Citation needed. I doubt it's ever made any real measurable difference.

 Take a properly secured SSH server, for example, and move it to an obscure
 port #.  Now you've reduced the number of mindless bots looking for
 unprotected root accounts, and your IDS solution that monitors the ssh
 logs is actually useful.  Of course, that's only effective if ssh is
 properly secured to begin with.

If it's secure, then it doesn't matter what port it's on.  If it's not
secure, being on a secondary port is no great improvement.

 Many clients want the cost-effectiveness of shared DB hosting.  Many of
 them also want it kept under wraps that they're doing so.  The provider
 that can do such a thing gets the contract.  Those that complain about
 it's not security, it's obscurity do not get the contract.

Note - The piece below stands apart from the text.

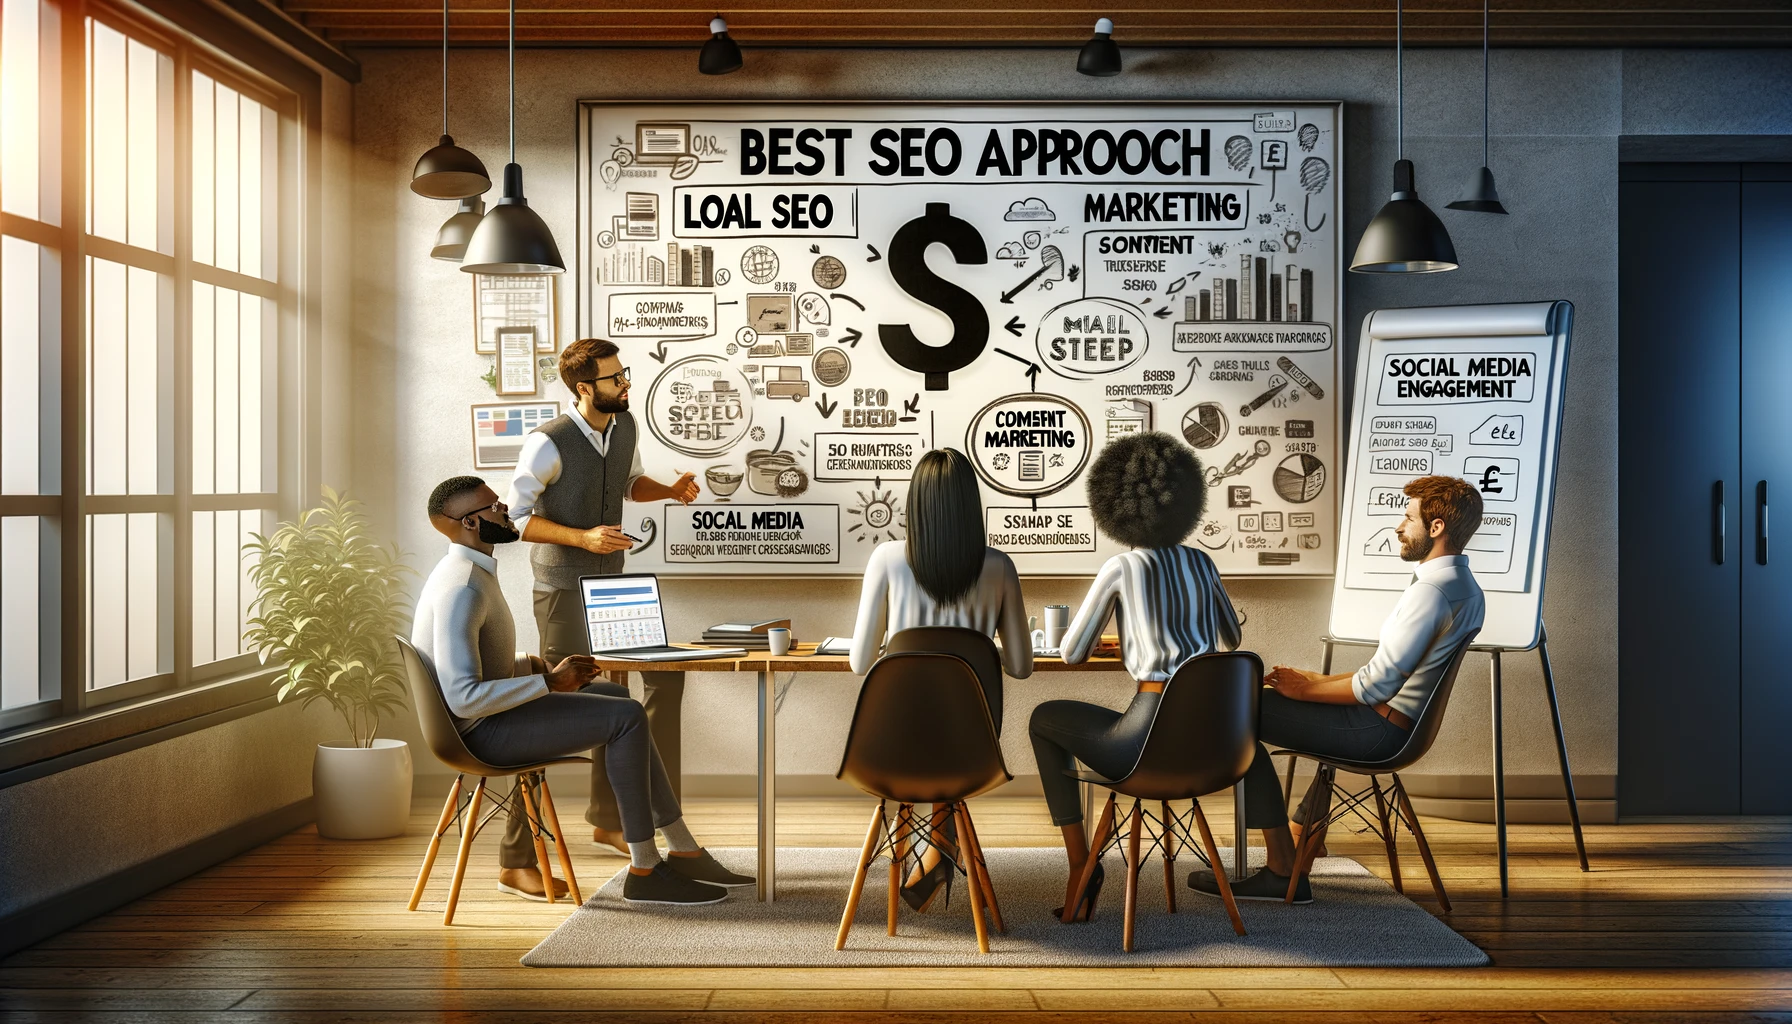 what is the best seo approach for a small business
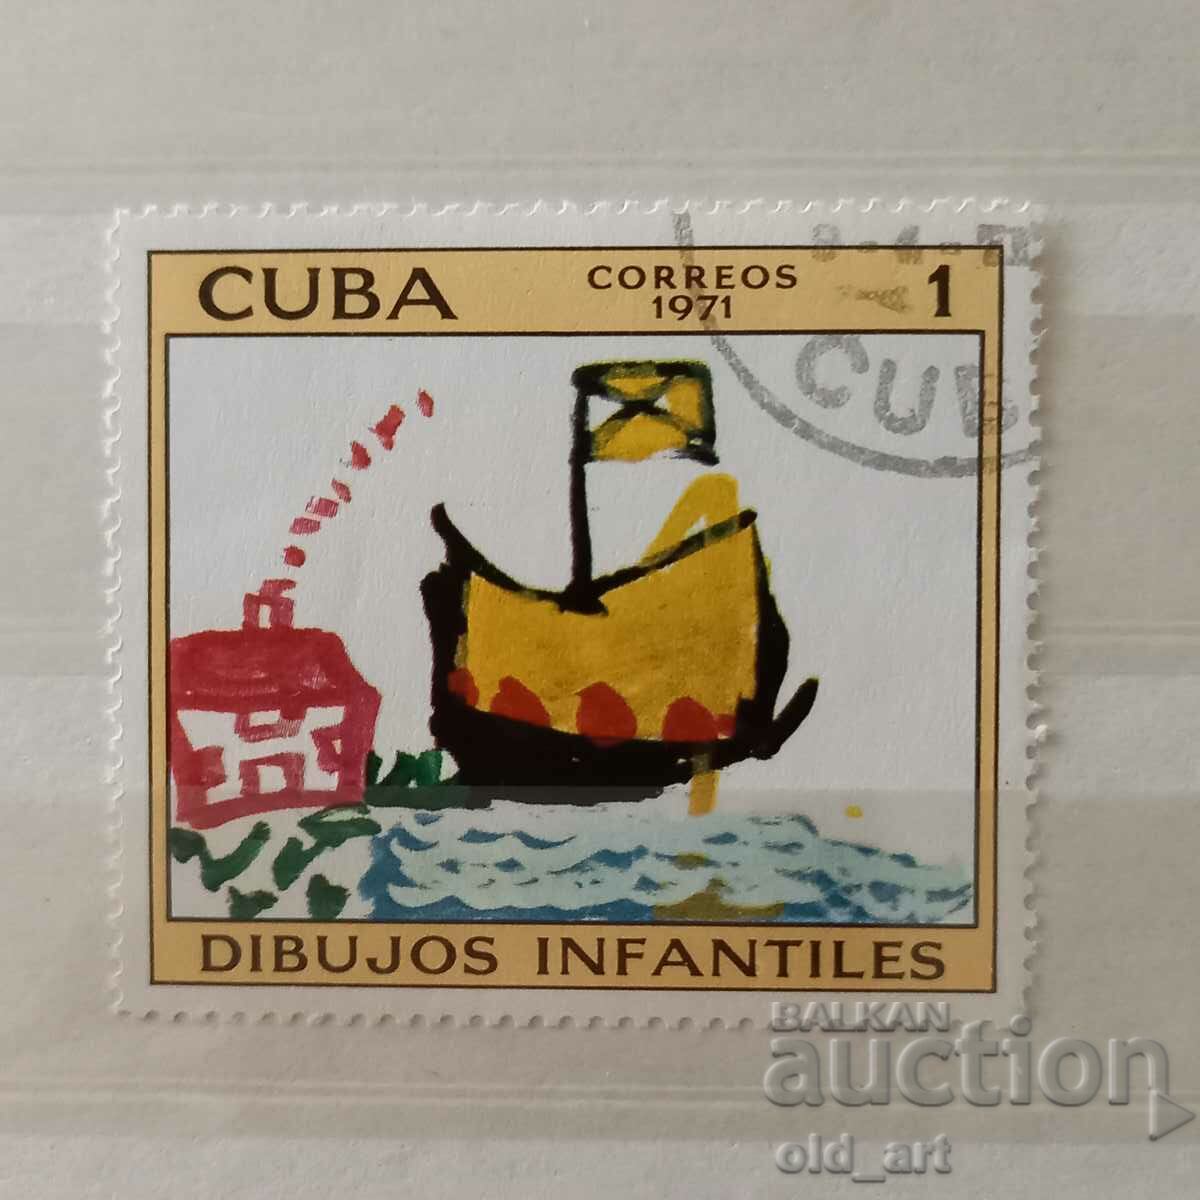 Postage stamp - Cuba, Children, Drawings

Yep.  And i can guarantee that having such a contract mens you've got
a customer that makes you wanna pull your hair out.  Having dealt with
a few like that in the past. :)

But my very serious point on this is that postgresql isnt' designed to
hide such things from users, and changing it to do so takes a lot of
effort for no real return on investment.  OTOH, having a psql client
that just uses a different set of queries so that it doesn't show the
other dbs could be actually useful and take little or no effort.
Given the lack of a serious clarification or answer from OP, I've not
been inclined to post anymore on this subject.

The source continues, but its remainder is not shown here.